* [MATERIAL PROVIDED]:
:::
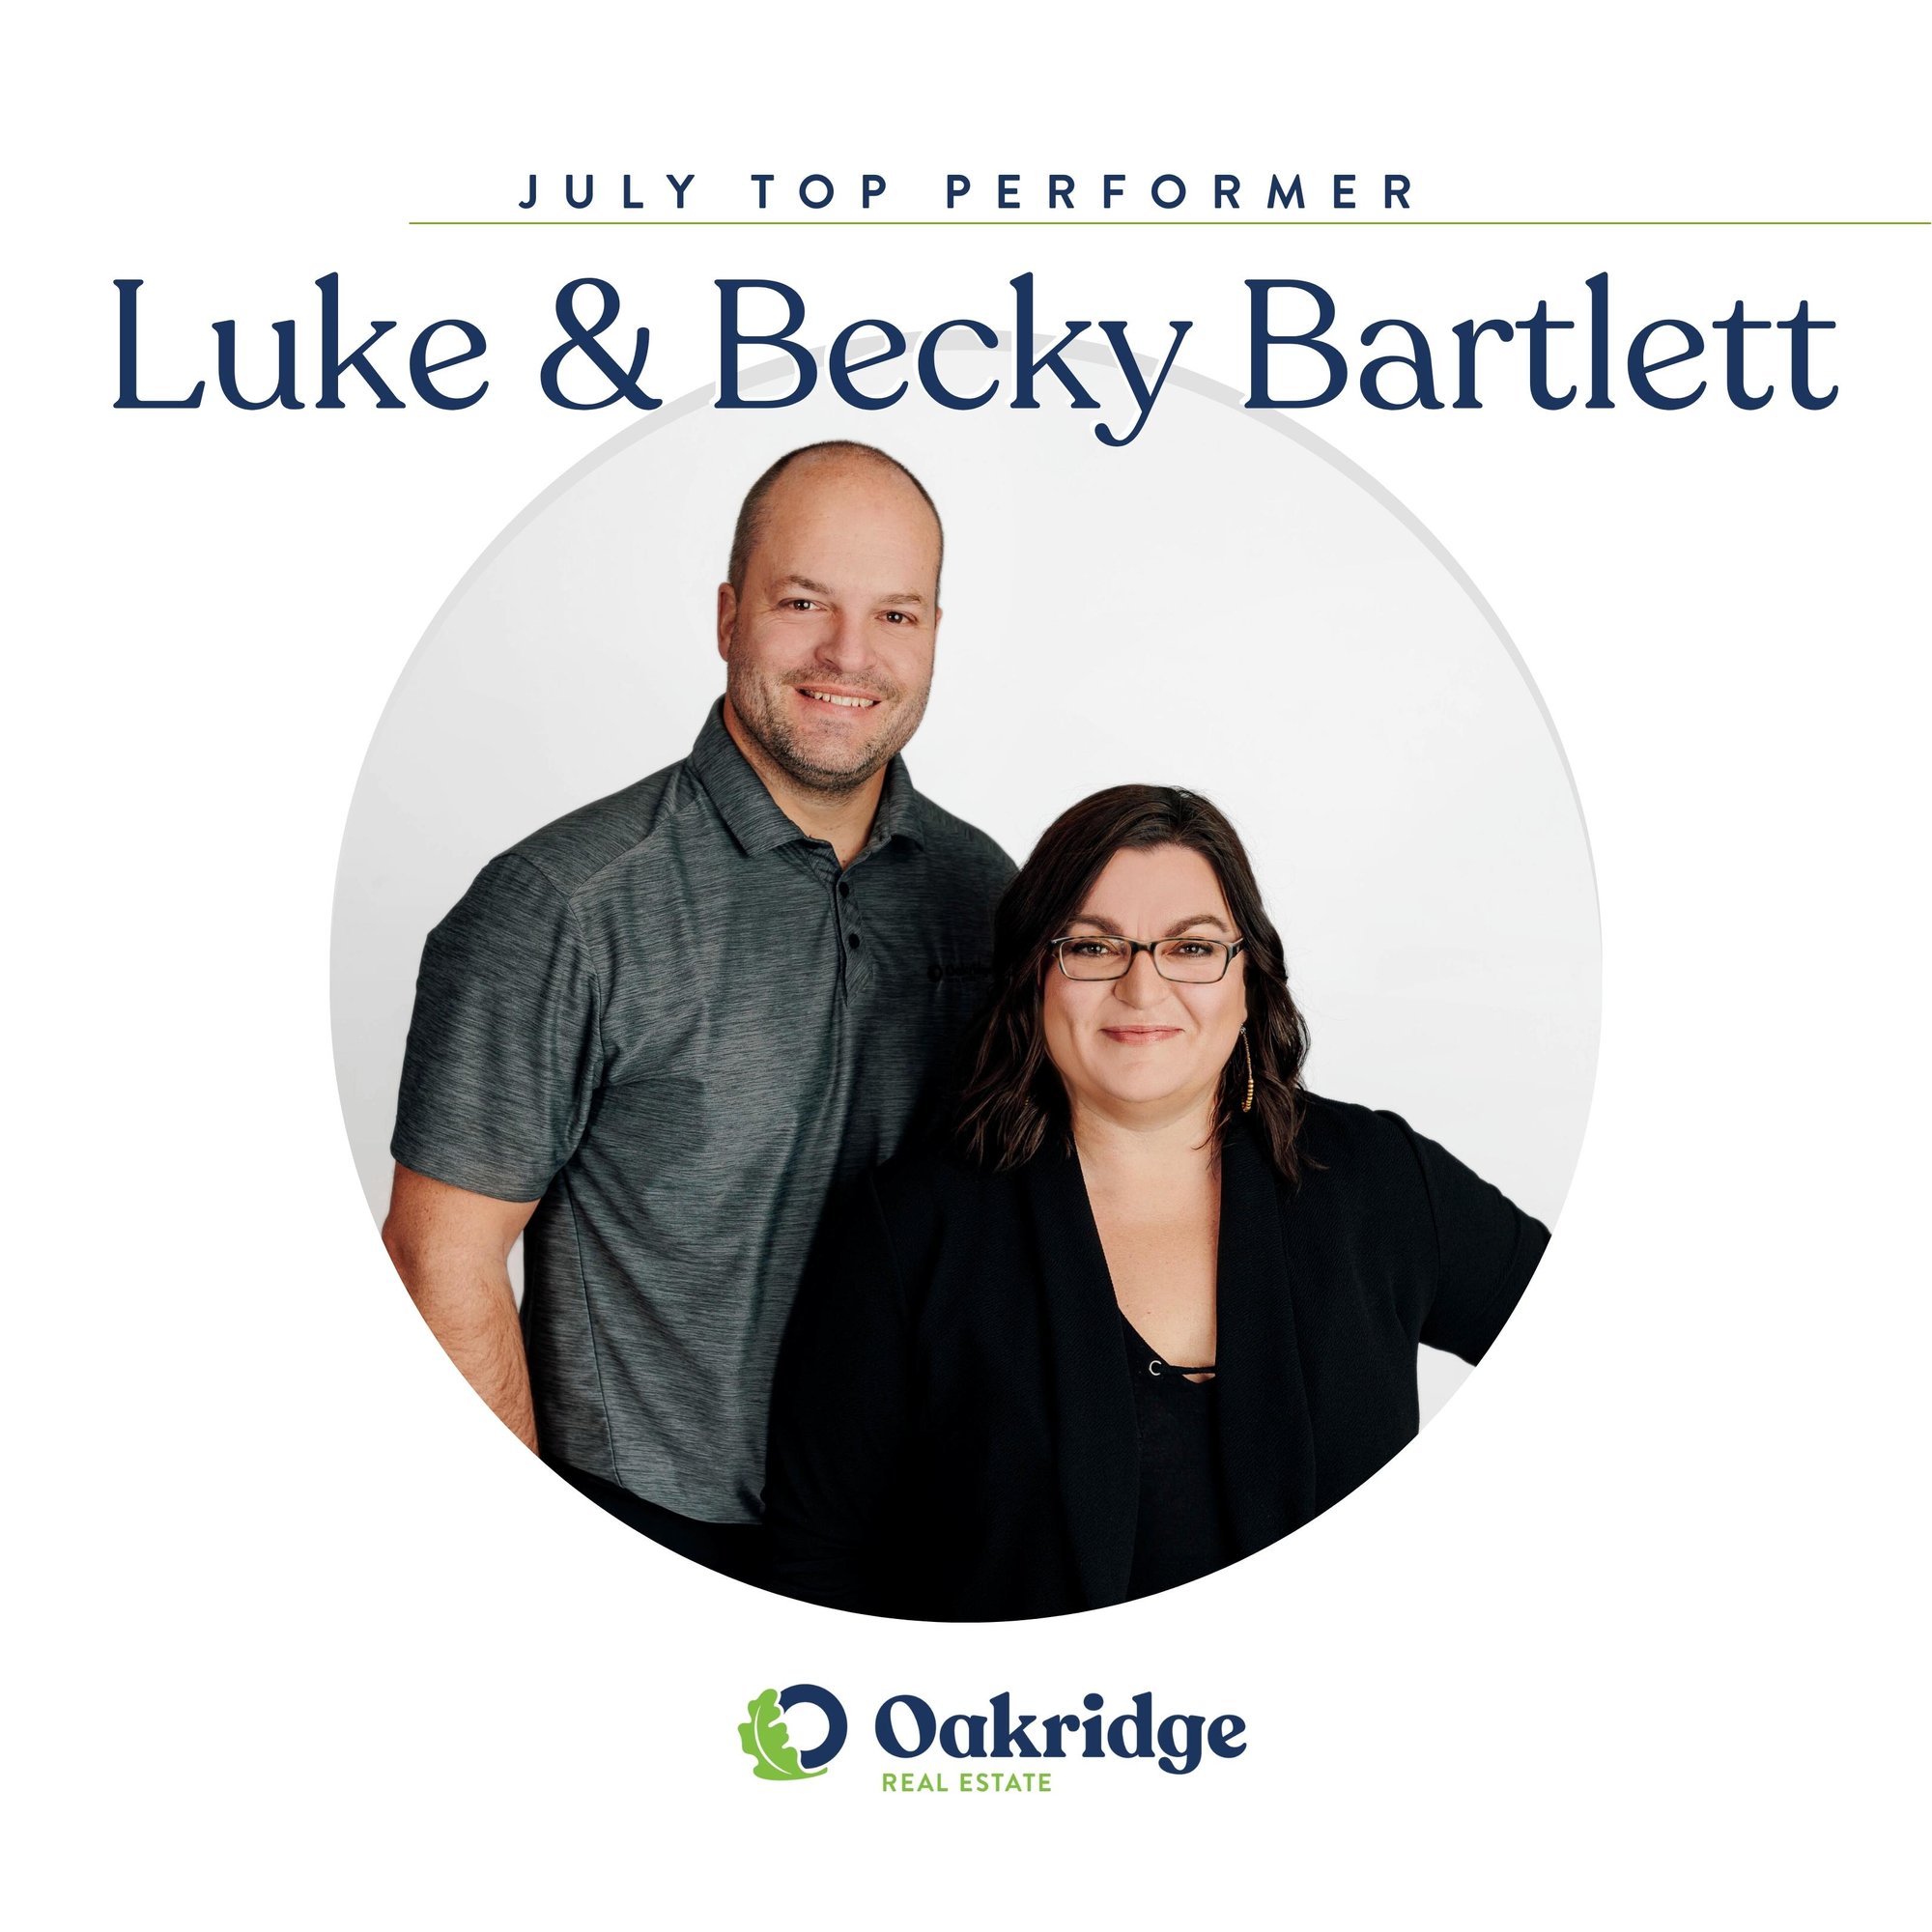 Luke and Becky Bartlett July Top Performer | Oakridge Real Estate
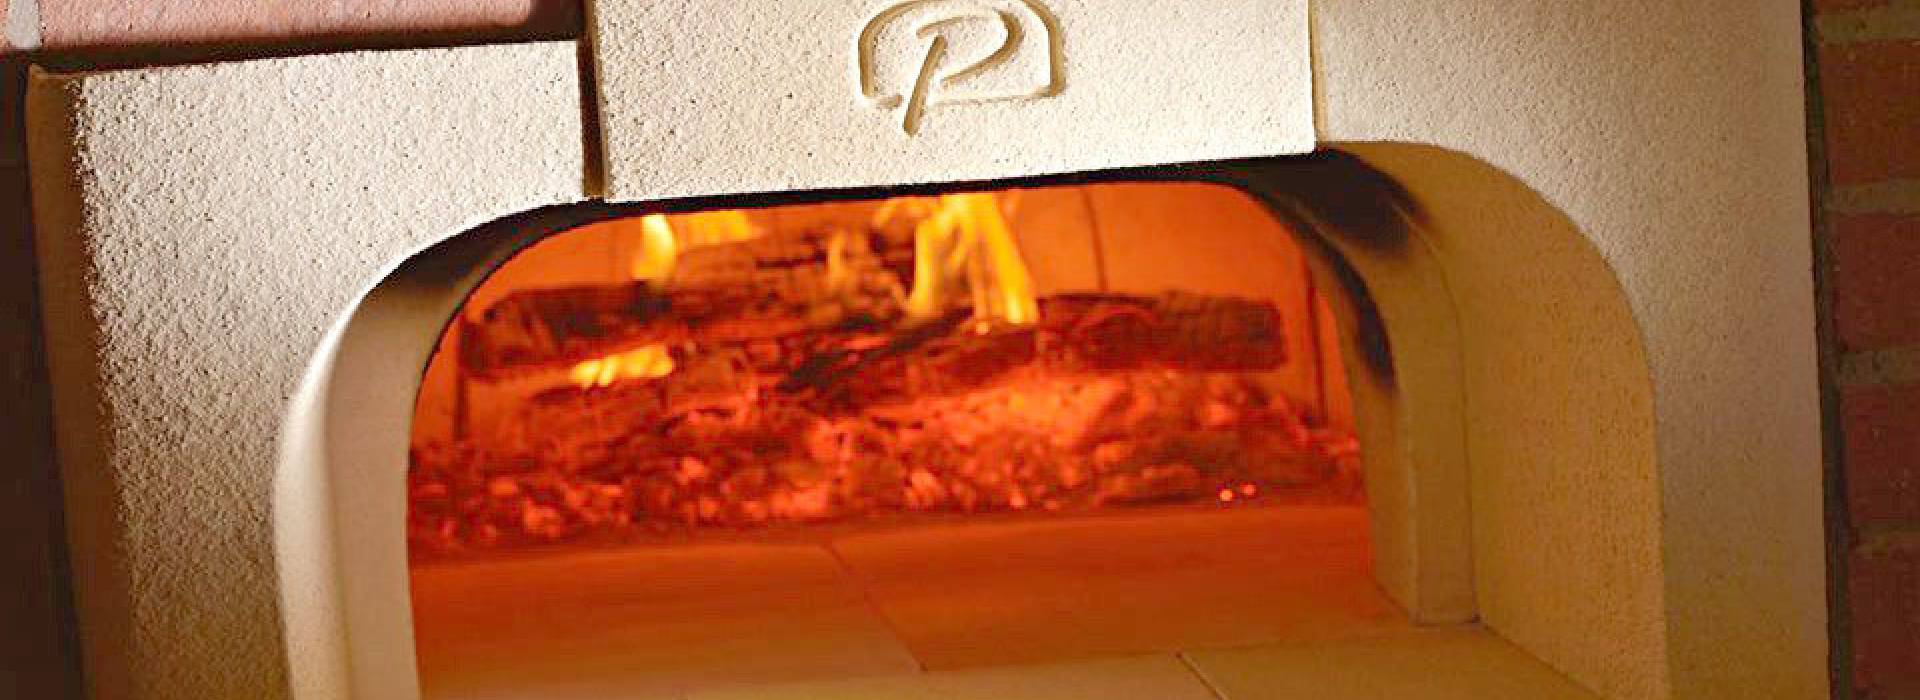 Pierre à pizza réfractaire artisanale pour four ou barbecue
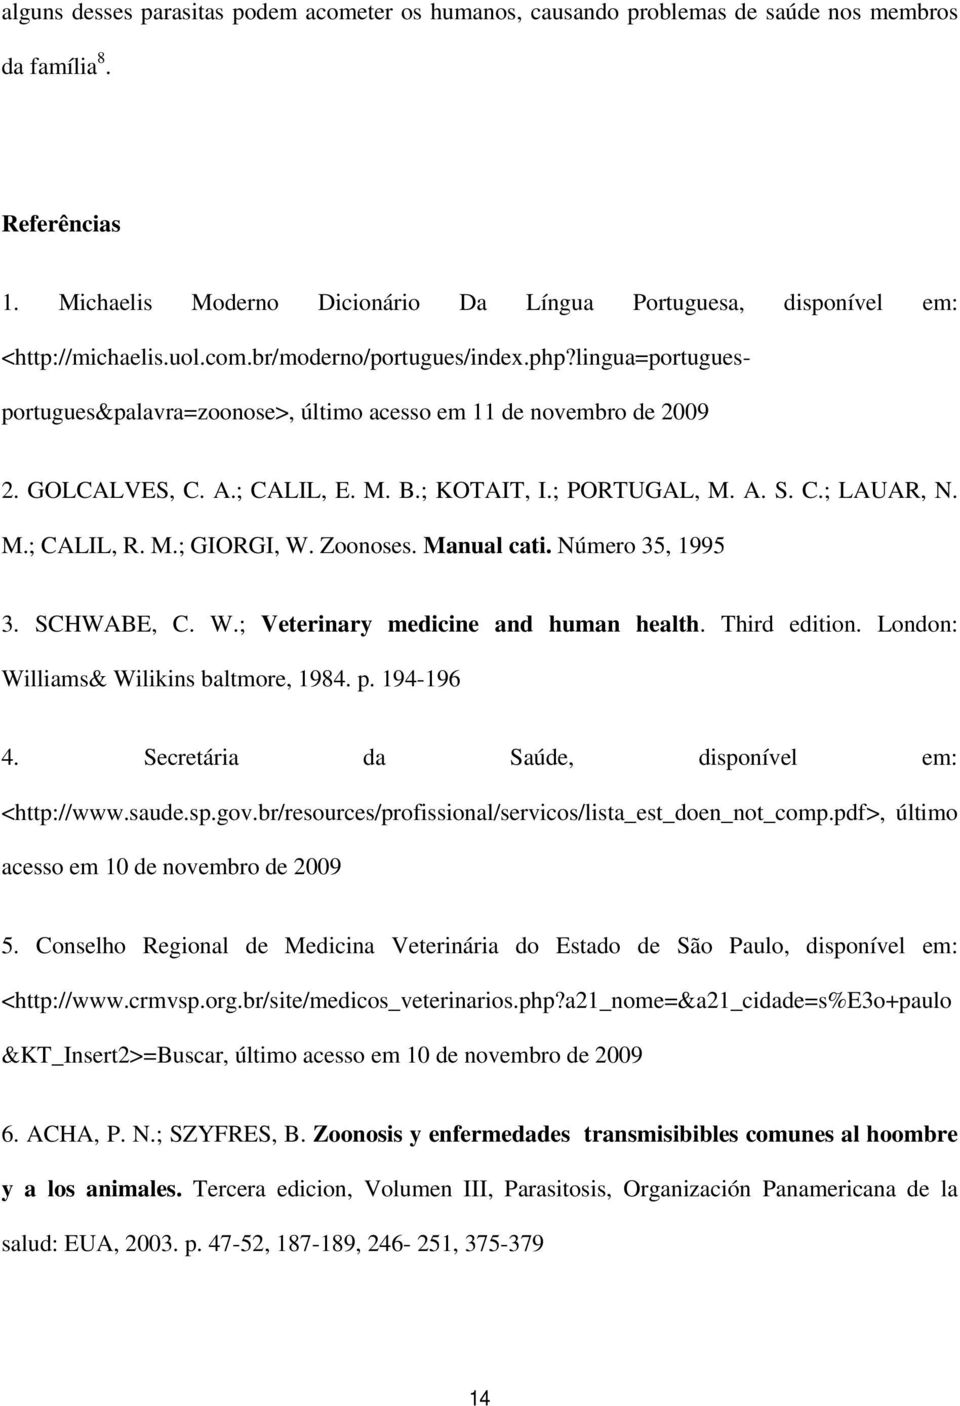 lingua=portuguesportugues&palavra=zoonose>, último acesso em 11 de novembro de 2009 2. GOLCALVES, C. A.; CALIL, E. M. B.; KOTAIT, I.; PORTUGAL, M. A. S. C.; LAUAR, N. M.; CALIL, R. M.; GIORGI, W.
:::
* [HOW TO COMPLETE THIS TASK]: Retype all the data exactly; skip the pictures.

* [ANSWER TO THIS TASK]:
 Luke and Becky Bartlett July Top Performer | Oakridge Real Estate
 Pierre à pizza réfractaire artisanale pour four ou barbecue
 lingua=portuguesportugues&palavra=zoonose>, último acesso em 11 de novembro de 2009 2. GOLCALVES, C. A.; CALIL, E. M. B.; KOTAIT, I.; PORTUGAL, M. A. S. C.; LAUAR, N. M.; CALIL, R. M.; GIORGI, W.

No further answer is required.